- [Exercise objective]: Could you print the stretch of lines below from the one with "CONGO BELGE 50" through the one with "A complete backup", exactly as they stand and without any pictures?

- [Input records]:
[Start of Attachment]

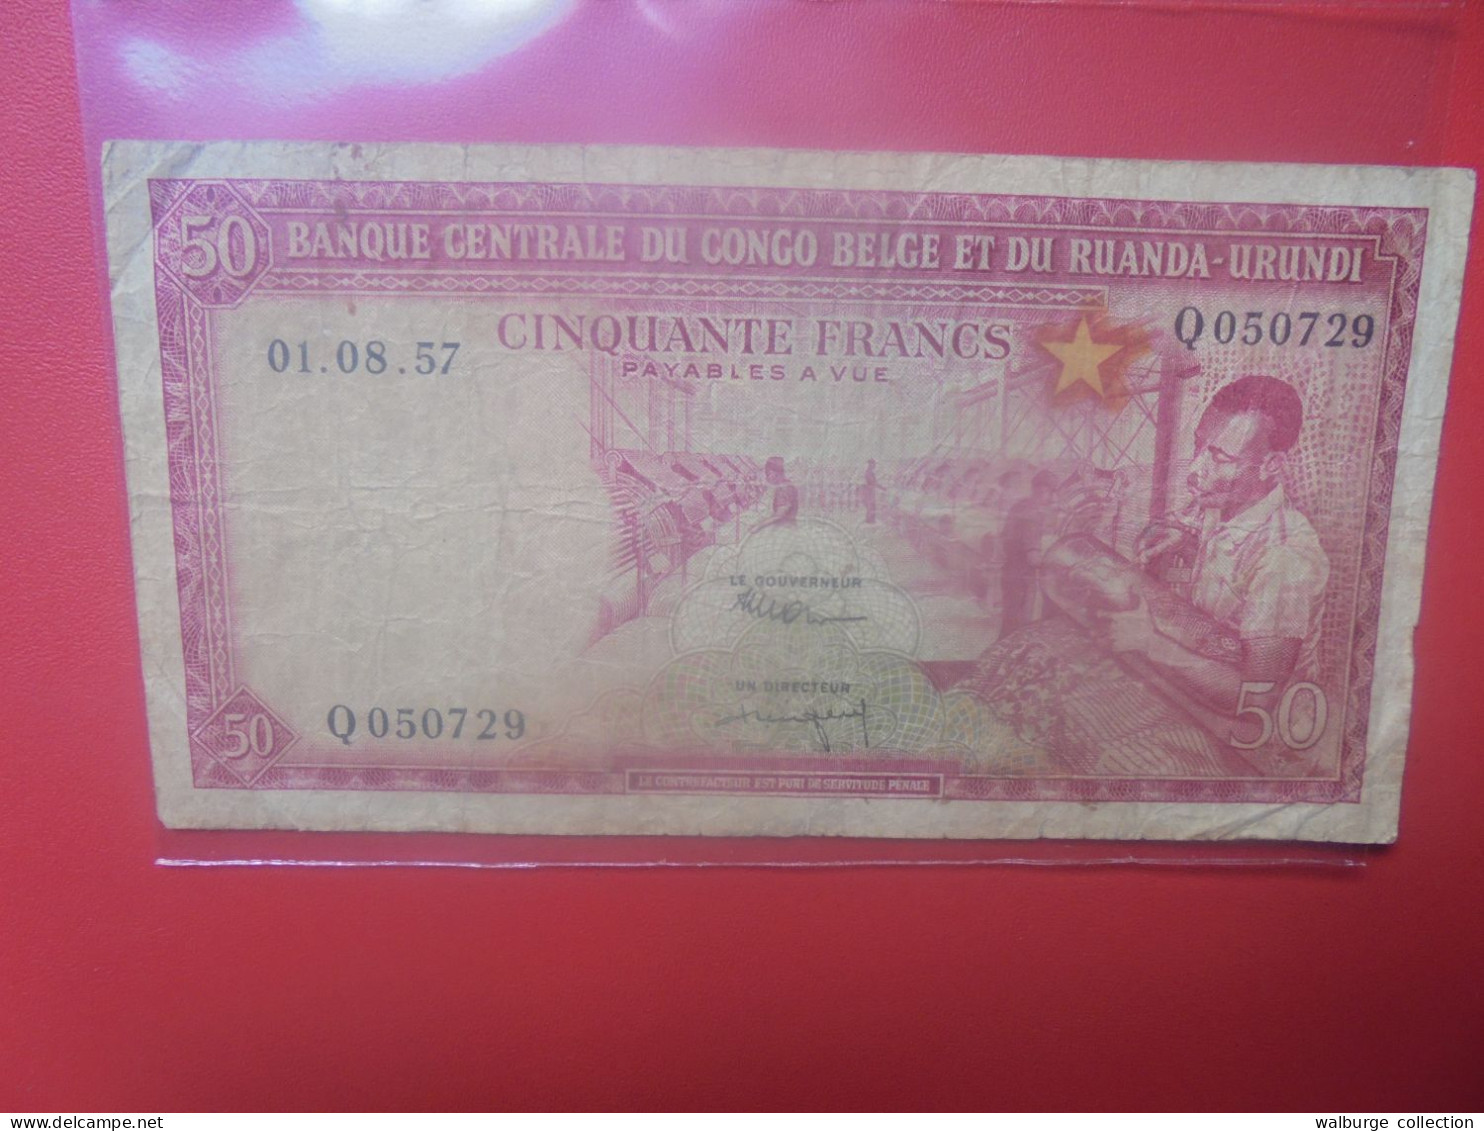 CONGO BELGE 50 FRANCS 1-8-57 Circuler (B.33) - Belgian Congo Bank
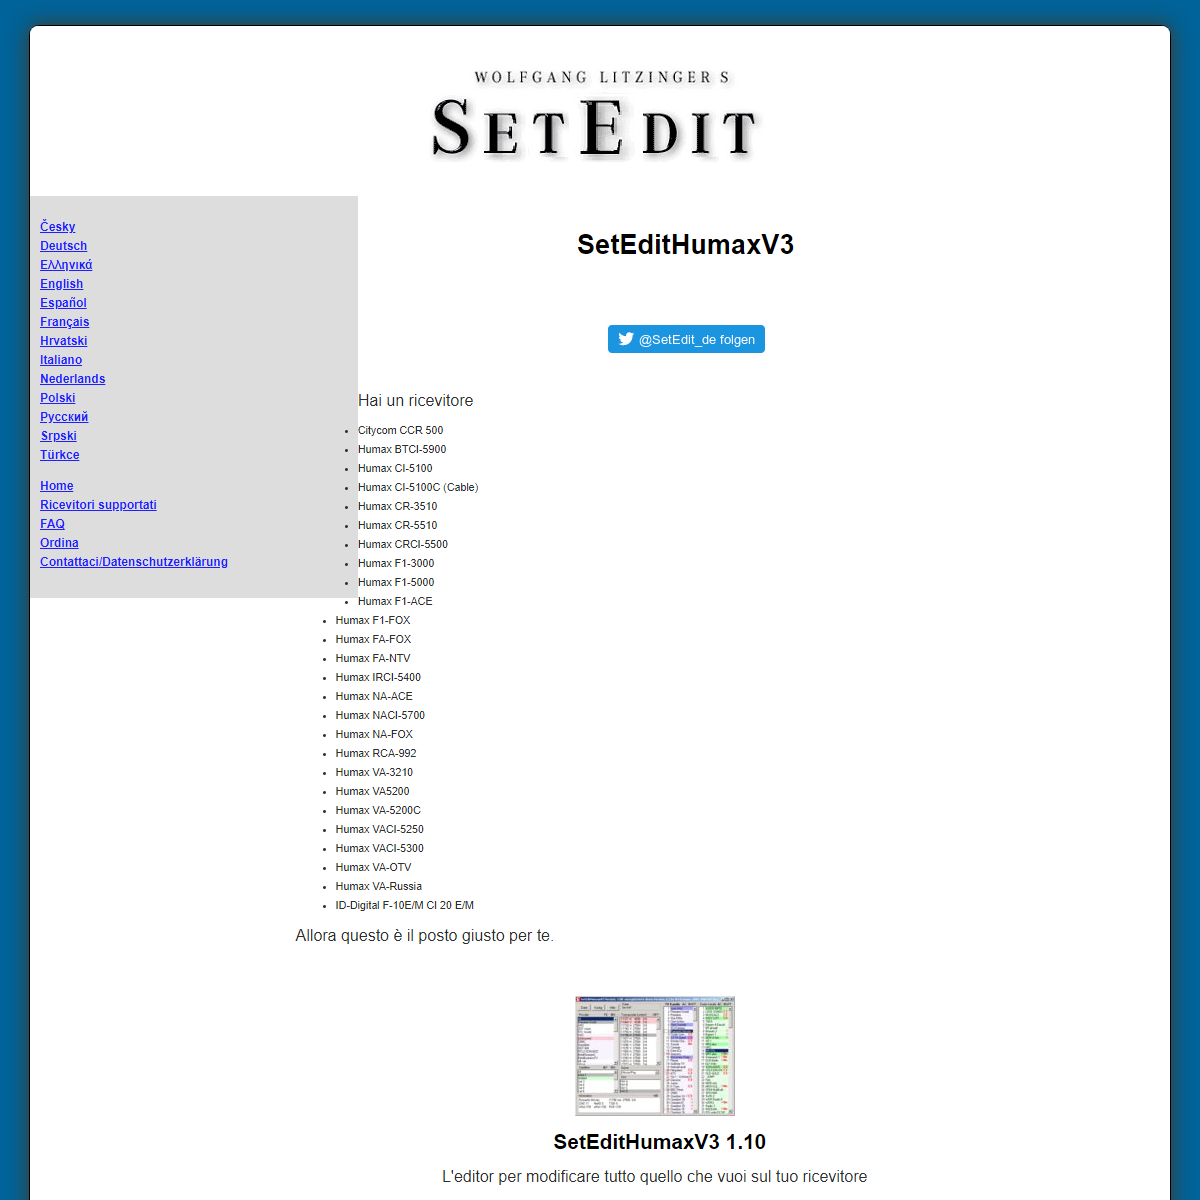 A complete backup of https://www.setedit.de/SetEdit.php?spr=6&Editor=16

[End of Attachment]
[Start of Attachment]

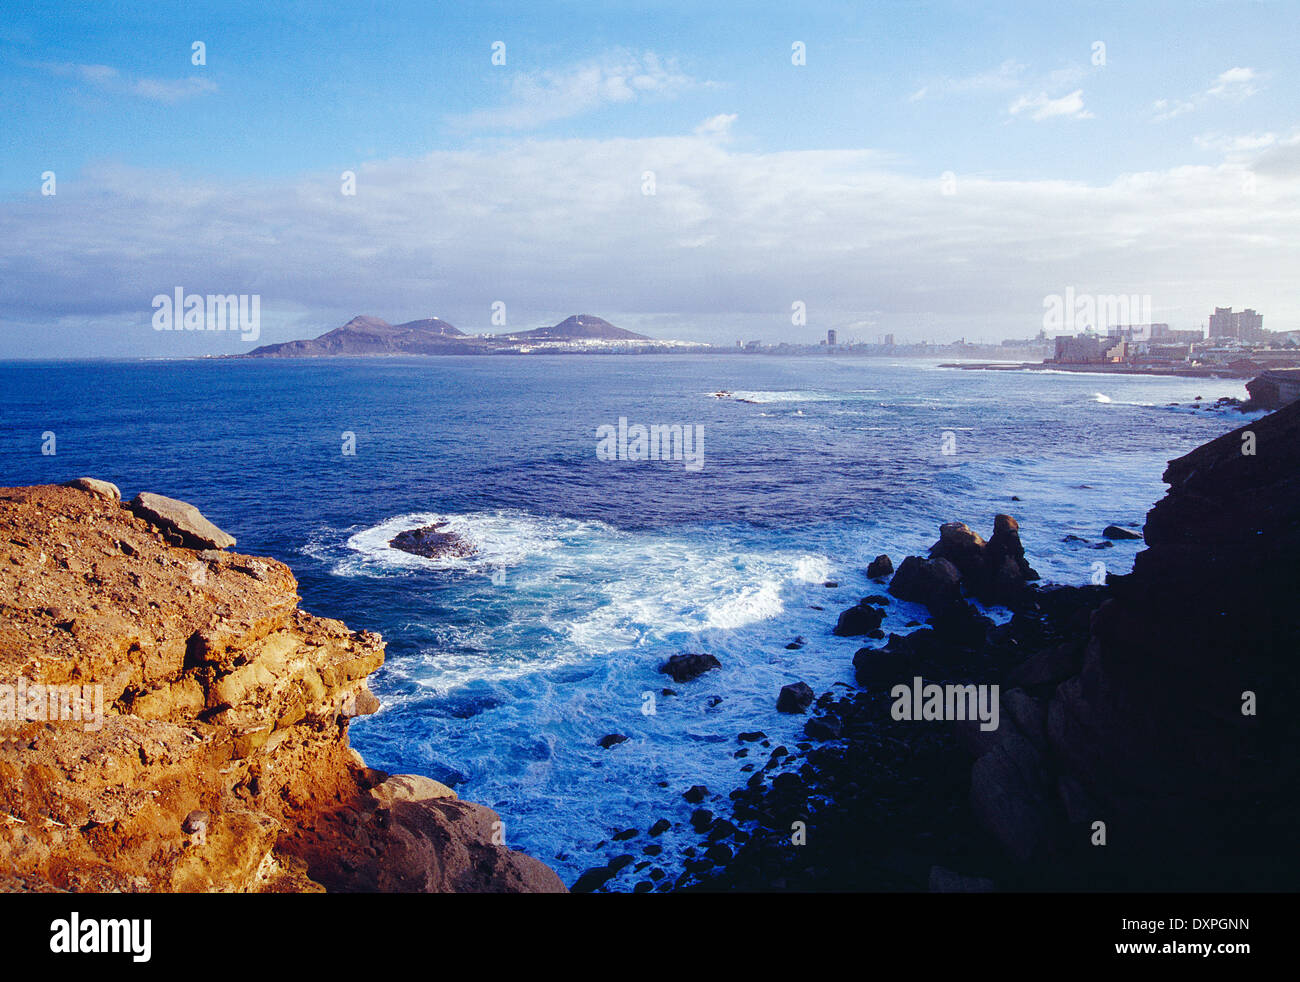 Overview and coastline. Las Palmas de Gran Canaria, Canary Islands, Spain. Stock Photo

[End of Attachment]
[Start of Attachment]

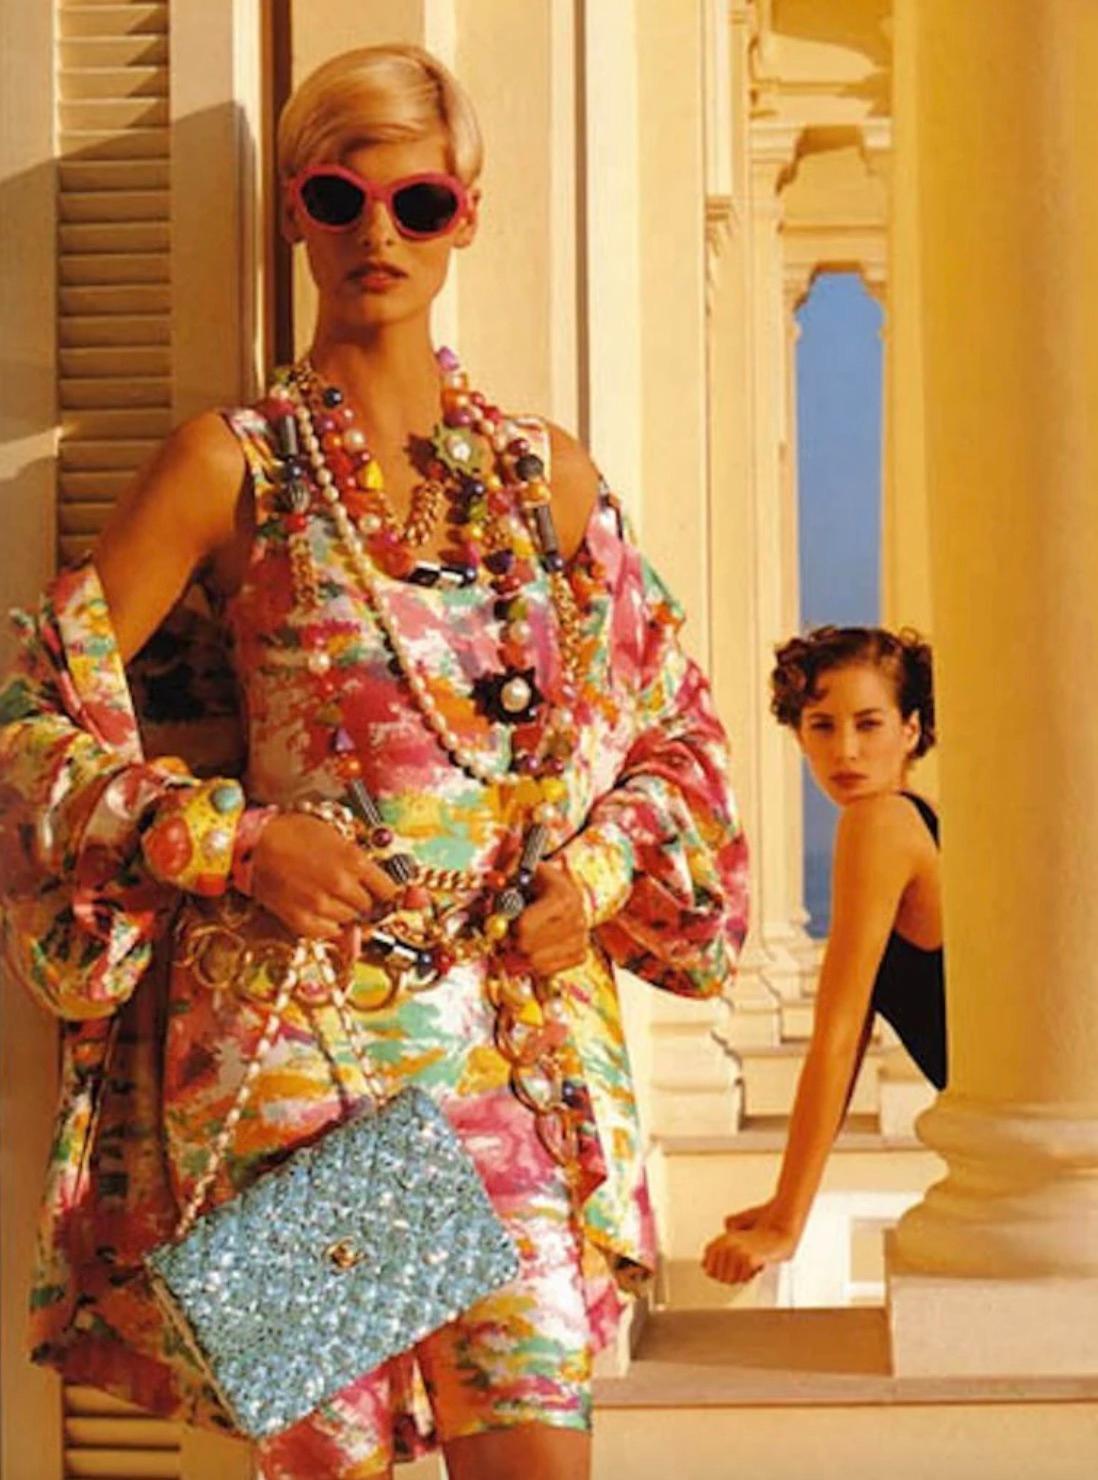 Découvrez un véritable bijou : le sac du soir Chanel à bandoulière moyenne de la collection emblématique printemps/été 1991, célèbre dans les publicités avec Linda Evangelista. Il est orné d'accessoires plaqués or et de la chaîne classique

[End of Attachment]

- [Exercise solution]:
 CONGO BELGE 50 FRANCS 1-8-57 Circuler (B.33) - Belgian Congo Bank
 A complete backup of https://www.setedit.de/SetEdit.php?spr=6&Editor=16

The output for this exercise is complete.